Ein Versorgungsdefizit kann hier allerdings nicht pauschal angenommen werden. Die Gründe dafür, dass ATMP seltener angewendet werden als erwartet, sind vielfältig. Die meisten ATMP sind gegen seltene Erkrankungen zugelassen, bei denen es häufig nur Schätzungen zur Anzahl der Betroffenen gibt. In Zukunft könnten diese Angaben mit den Ergebnissen des Nationalen Registers für seltene Erkrankungen (NARSE) eine fundiertere Basis erhalten. Derzeit liegen diese Angaben gegebenenfalls höher als die tatsächliche Patient:innenzahl.
Häufig sprechen auch medizinische Gründe gegen eine Anwendung. Die CAR-T-Zelltherapien beispielsweise werden gegen Krebserkrankungen eingesetzt. Vor deren Anwendung muss ein gewisser zeitlicher Abstand zur Vortherapie eingehalten werden. Die Herstellung der Präparate selbst dauert teilweise 4 Wochen. Zudem muss die überbrückende Behandlung die Tumorlast unter einer gewissen Schwelle halten.
Ein weiterer Faktor ist die Verfügbarkeit von wirksamen Behandlungsalternativen: In den Therapiegebieten, in denen CAR-T-Zelltherapien eingesetzt werden, und auch bei den Gentherapien gegen Hämophilie A und B sind die ATMP nicht die einzige Option, die Ärzte und Patient:innen haben.
Eine gute Marktverfügbarkeit ist unter anderem durch die Rahmenbedingungen für die Erstattung nicht mit einem guten Zugang gleichzusetzen. Langwierige Erstattungsbetragsverhandlungen können den erstmaligen Einsatz stark verzögern.

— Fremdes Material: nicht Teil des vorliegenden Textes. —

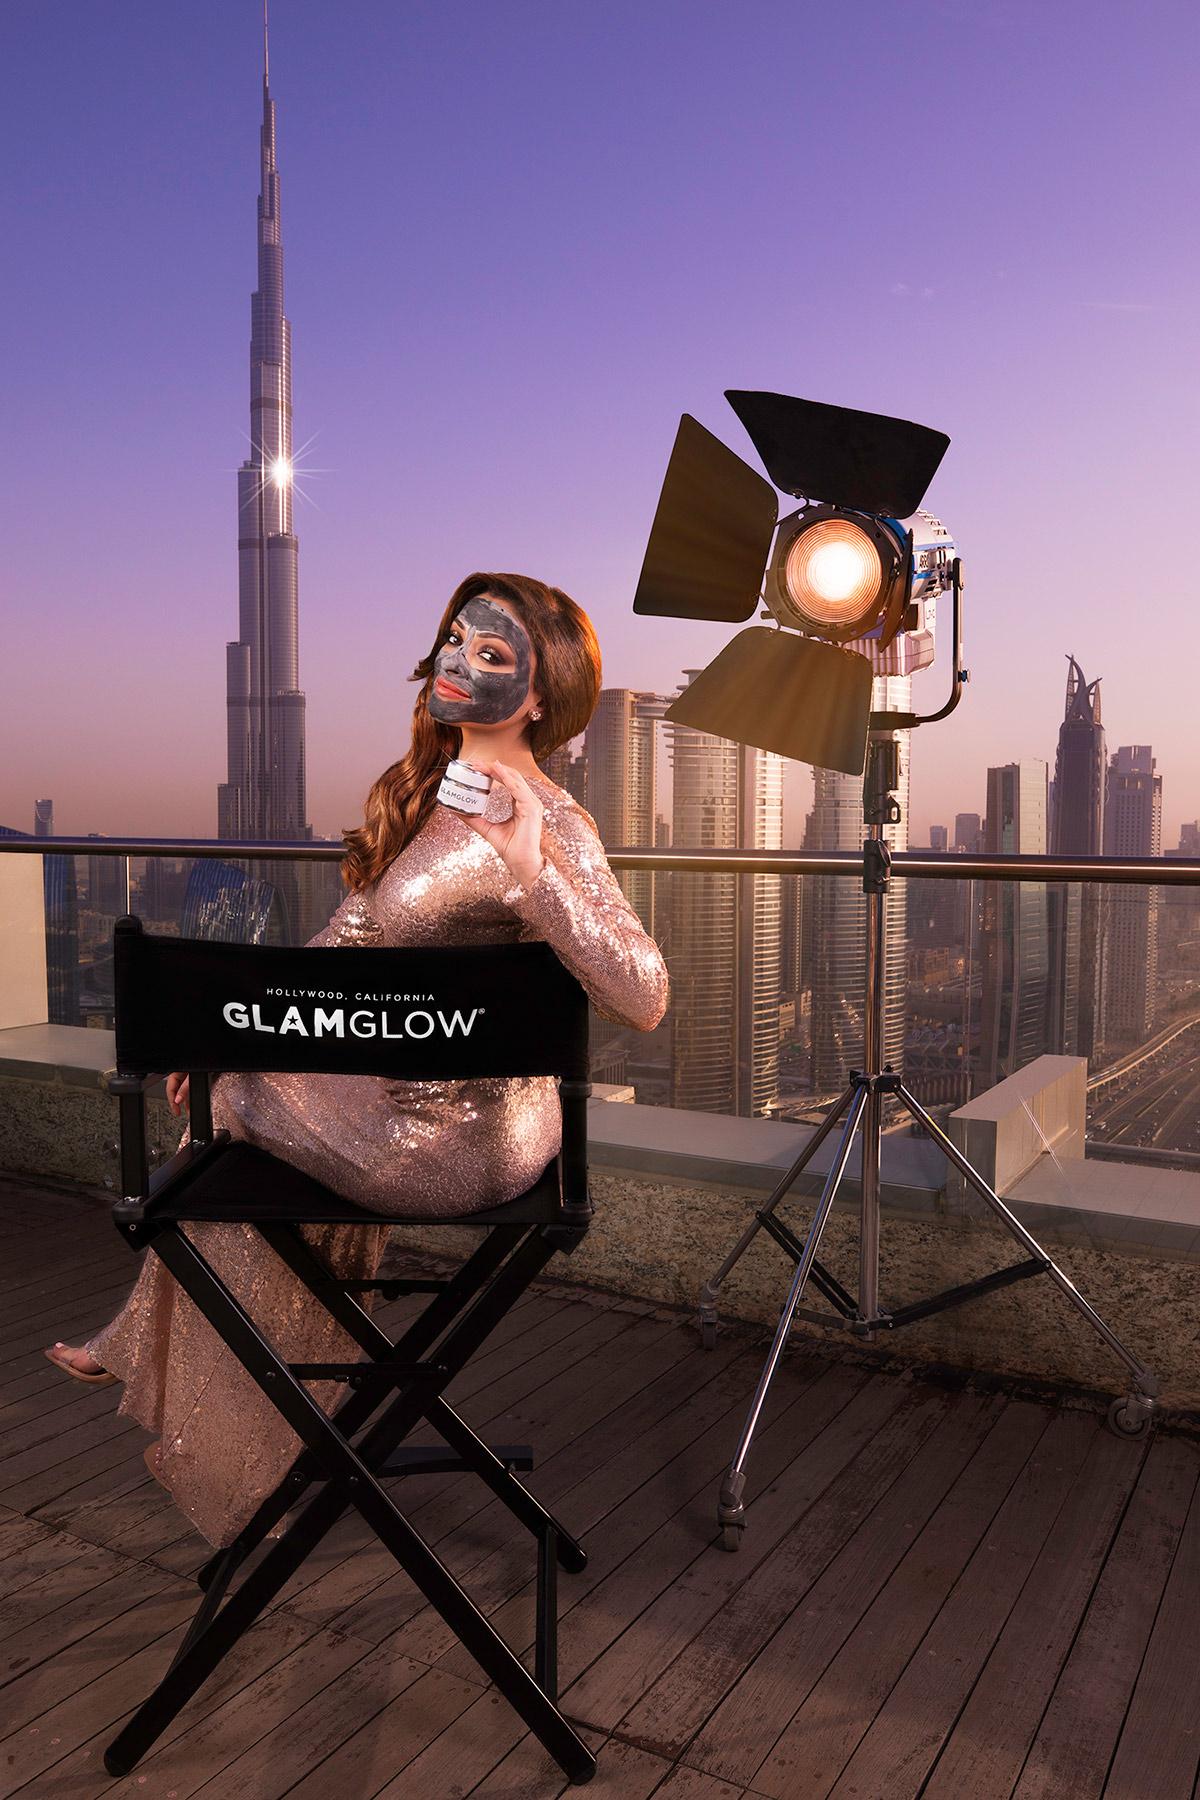 GlamGlow campaign shoot in Dubai for Estee Lauder by Loesje Kessels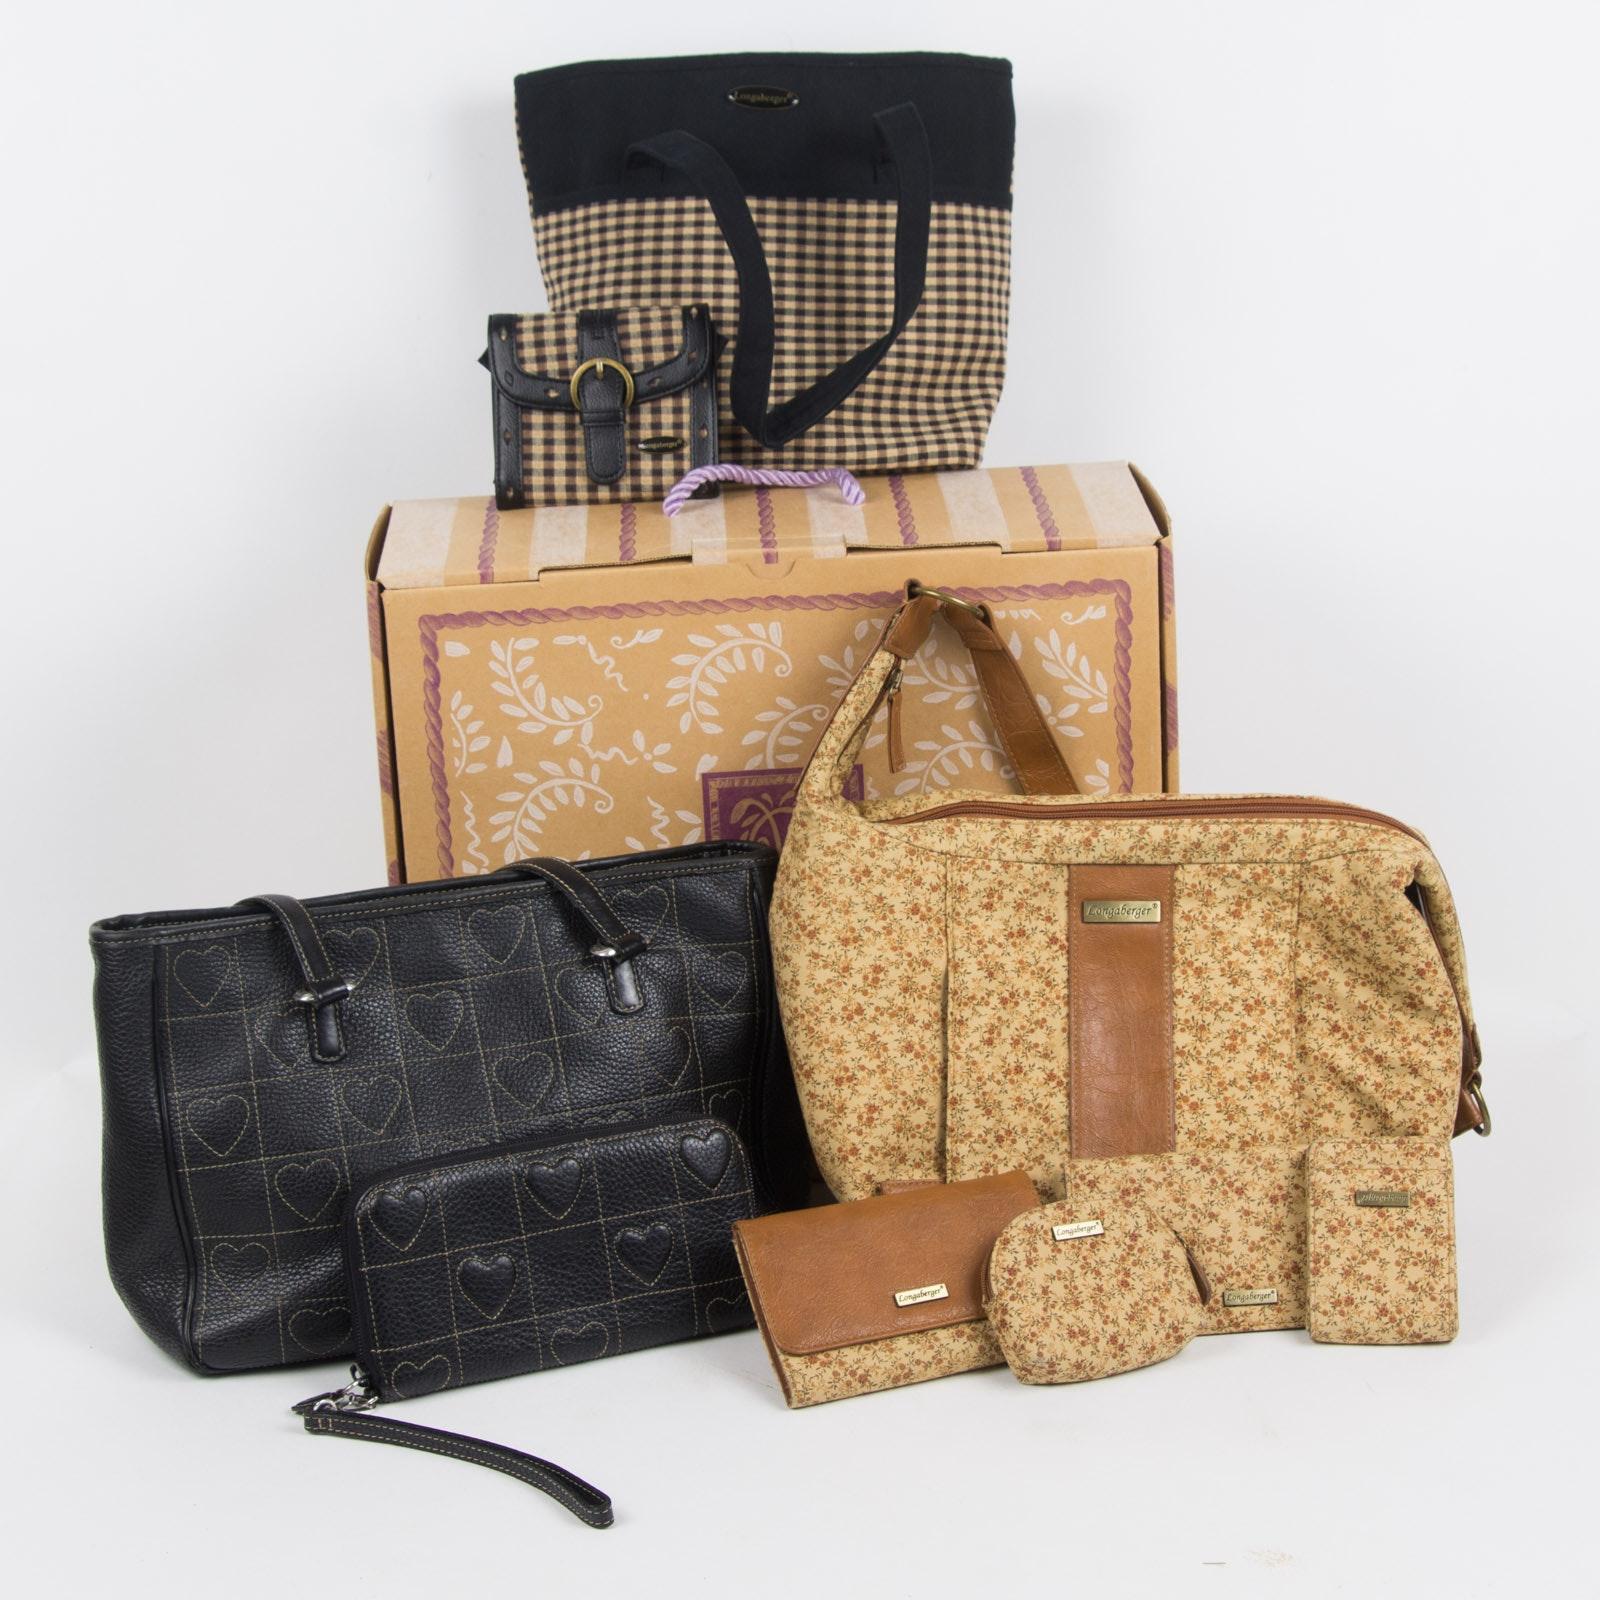 Brighton and Longaberger Handbags

In dieser Zeit muss der Hersteller die Produktionskapazitäten, hochqualifiziertes Personal und die Distributionslogistik vorhalten. Den daraus entstehenden erheblichen Kosten stehen teilweise mehr als ein Jahr keine Einkünfte gegenüber.
Die Kosten für innovative Arzneimittel im Krankenhaus werden unmittelbar nach Markteintritt weder durch eine Fallpauschale (Diagnosis-Related Group, DRG) noch durch ein Zusatzentgelt abgedeckt. Zwar können zwischen einzelnen Krankenkassen und Krankenhäusern Entgelte für sogenannte Neue Untersuchungs- und Behandlungsmethoden (NUB) vereinbart werden. Dieser Prozess ist jedoch zeit- und ressourcenaufwändig.
Mit den tatsächlichen Anwendungszahlen wird auch klar: ATMP belasten das GKV-System nicht unverhältnismäßig. Im Jahr 2024 machten sie lediglich 0,7 Prozent der Arzneimittelausgaben sowohl im ambulanten als auch im stationären Bereich aus.